**Task objective:**
For this exercise, print all of the entries exactly as given.

**Provided data:**
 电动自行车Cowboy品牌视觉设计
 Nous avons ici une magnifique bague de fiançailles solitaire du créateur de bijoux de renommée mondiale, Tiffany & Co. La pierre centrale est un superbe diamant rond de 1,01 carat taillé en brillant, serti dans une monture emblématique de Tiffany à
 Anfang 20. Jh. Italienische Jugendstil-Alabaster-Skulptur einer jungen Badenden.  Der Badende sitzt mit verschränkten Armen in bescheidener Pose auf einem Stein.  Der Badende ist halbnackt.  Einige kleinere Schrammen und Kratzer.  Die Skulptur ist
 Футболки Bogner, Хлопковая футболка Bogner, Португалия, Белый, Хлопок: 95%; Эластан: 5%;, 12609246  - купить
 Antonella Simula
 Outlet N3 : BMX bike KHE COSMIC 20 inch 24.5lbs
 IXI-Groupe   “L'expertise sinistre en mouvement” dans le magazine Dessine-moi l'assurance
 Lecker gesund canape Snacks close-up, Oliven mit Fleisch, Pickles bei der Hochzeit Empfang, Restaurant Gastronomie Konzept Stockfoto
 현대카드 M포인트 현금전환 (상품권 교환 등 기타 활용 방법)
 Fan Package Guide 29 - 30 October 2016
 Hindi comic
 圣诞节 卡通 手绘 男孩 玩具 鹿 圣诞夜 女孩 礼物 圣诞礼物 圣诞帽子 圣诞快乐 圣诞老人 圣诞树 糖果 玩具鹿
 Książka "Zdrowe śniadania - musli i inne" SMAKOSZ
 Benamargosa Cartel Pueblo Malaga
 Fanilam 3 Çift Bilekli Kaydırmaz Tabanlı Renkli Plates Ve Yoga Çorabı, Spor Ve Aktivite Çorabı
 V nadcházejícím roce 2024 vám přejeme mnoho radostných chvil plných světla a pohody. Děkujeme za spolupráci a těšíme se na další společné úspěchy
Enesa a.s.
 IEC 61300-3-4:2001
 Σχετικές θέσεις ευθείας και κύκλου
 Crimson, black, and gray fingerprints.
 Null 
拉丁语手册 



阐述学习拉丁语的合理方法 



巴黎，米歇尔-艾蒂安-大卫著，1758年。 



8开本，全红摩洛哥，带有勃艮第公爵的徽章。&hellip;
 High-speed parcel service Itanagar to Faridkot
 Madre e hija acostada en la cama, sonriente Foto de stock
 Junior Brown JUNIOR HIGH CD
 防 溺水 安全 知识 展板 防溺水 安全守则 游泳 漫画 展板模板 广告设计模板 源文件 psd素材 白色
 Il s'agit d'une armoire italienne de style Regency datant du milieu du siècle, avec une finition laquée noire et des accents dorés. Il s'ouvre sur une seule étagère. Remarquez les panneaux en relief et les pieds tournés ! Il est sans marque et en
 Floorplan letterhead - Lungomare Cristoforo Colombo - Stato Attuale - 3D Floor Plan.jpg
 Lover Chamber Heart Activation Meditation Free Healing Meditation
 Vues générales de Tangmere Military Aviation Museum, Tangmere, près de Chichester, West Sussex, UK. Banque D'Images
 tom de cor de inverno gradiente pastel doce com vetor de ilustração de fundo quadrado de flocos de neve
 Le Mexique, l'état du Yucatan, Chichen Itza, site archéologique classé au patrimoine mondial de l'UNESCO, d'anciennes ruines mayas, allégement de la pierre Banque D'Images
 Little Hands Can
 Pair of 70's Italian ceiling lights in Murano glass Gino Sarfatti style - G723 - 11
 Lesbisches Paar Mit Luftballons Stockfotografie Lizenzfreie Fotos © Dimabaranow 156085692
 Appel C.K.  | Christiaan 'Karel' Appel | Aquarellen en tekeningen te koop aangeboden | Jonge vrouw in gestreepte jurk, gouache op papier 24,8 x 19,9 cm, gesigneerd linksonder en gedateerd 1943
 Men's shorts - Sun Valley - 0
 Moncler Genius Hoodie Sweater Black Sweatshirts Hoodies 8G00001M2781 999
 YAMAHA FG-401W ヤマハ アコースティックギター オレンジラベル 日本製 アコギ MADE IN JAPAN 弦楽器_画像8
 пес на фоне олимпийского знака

**Expected answer:**
 电动自行车Cowboy品牌视觉设计
 Nous avons ici une magnifique bague de fiançailles solitaire du créateur de bijoux de renommée mondiale, Tiffany & Co. La pierre centrale est un superbe diamant rond de 1,01 carat taillé en brillant, serti dans une monture emblématique de Tiffany à
 Anfang 20. Jh. Italienische Jugendstil-Alabaster-Skulptur einer jungen Badenden.  Der Badende sitzt mit verschränkten Armen in bescheidener Pose auf einem Stein.  Der Badende ist halbnackt.  Einige kleinere Schrammen und Kratzer.  Die Skulptur ist
 Футболки Bogner, Хлопковая футболка Bogner, Португалия, Белый, Хлопок: 95%; Эластан: 5%;, 12609246  - купить
 Antonella Simula
 Outlet N3 : BMX bike KHE COSMIC 20 inch 24.5lbs
 IXI-Groupe   “L'expertise sinistre en mouvement” dans le magazine Dessine-moi l'assurance
 Lecker gesund canape Snacks close-up, Oliven mit Fleisch, Pickles bei der Hochzeit Empfang, Restaurant Gastronomie Konzept Stockfoto
 현대카드 M포인트 현금전환 (상품권 교환 등 기타 활용 방법)
 Fan Package Guide 29 - 30 October 2016
 Hindi comic
 圣诞节 卡通 手绘 男孩 玩具 鹿 圣诞夜 女孩 礼物 圣诞礼物 圣诞帽子 圣诞快乐 圣诞老人 圣诞树 糖果 玩具鹿
 Książka "Zdrowe śniadania - musli i inne" SMAKOSZ
 Benamargosa Cartel Pueblo Malaga
 Fanilam 3 Çift Bilekli Kaydırmaz Tabanlı Renkli Plates Ve Yoga Çorabı, Spor Ve Aktivite Çorabı
 V nadcházejícím roce 2024 vám přejeme mnoho radostných chvil plných světla a pohody. Děkujeme za spolupráci a těšíme se na další společné úspěchy
Enesa a.s.
 IEC 61300-3-4:2001
 Σχετικές θέσεις ευθείας και κύκλου
 Crimson, black, and gray fingerprints.
 Null 
拉丁语手册 



阐述学习拉丁语的合理方法 



巴黎，米歇尔-艾蒂安-大卫著，1758年。 



8开本，全红摩洛哥，带有勃艮第公爵的徽章。&hellip;
 High-speed parcel service Itanagar to Faridkot
 Madre e hija acostada en la cama, sonriente Foto de stock
 Junior Brown JUNIOR HIGH CD
 防 溺水 安全 知识 展板 防溺水 安全守则 游泳 漫画 展板模板 广告设计模板 源文件 psd素材 白色
 Il s'agit d'une armoire italienne de style Regency datant du milieu du siècle, avec une finition laquée noire et des accents dorés. Il s'ouvre sur une seule étagère. Remarquez les panneaux en relief et les pieds tournés ! Il est sans marque et en
 Floorplan letterhead - Lungomare Cristoforo Colombo - Stato Attuale - 3D Floor Plan.jpg
 Lover Chamber Heart Activation Meditation Free Healing Meditation
 Vues générales de Tangmere Military Aviation Museum, Tangmere, près de Chichester, West Sussex, UK. Banque D'Images
 tom de cor de inverno gradiente pastel doce com vetor de ilustração de fundo quadrado de flocos de neve
 Le Mexique, l'état du Yucatan, Chichen Itza, site archéologique classé au patrimoine mondial de l'UNESCO, d'anciennes ruines mayas, allégement de la pierre Banque D'Images
 Little Hands Can
 Pair of 70's Italian ceiling lights in Murano glass Gino Sarfatti style - G723 - 11
 Lesbisches Paar Mit Luftballons Stockfotografie Lizenzfreie Fotos © Dimabaranow 156085692
 Appel C.K.  | Christiaan 'Karel' Appel | Aquarellen en tekeningen te koop aangeboden | Jonge vrouw in gestreepte jurk, gouache op papier 24,8 x 19,9 cm, gesigneerd linksonder en gedateerd 1943
 Men's shorts - Sun Valley - 0
 Moncler Genius Hoodie Sweater Black Sweatshirts Hoodies 8G00001M2781 999
 YAMAHA FG-401W ヤマハ アコースティックギター オレンジラベル 日本製 アコギ MADE IN JAPAN 弦楽器_画像8
 пес на фоне олимпийского знака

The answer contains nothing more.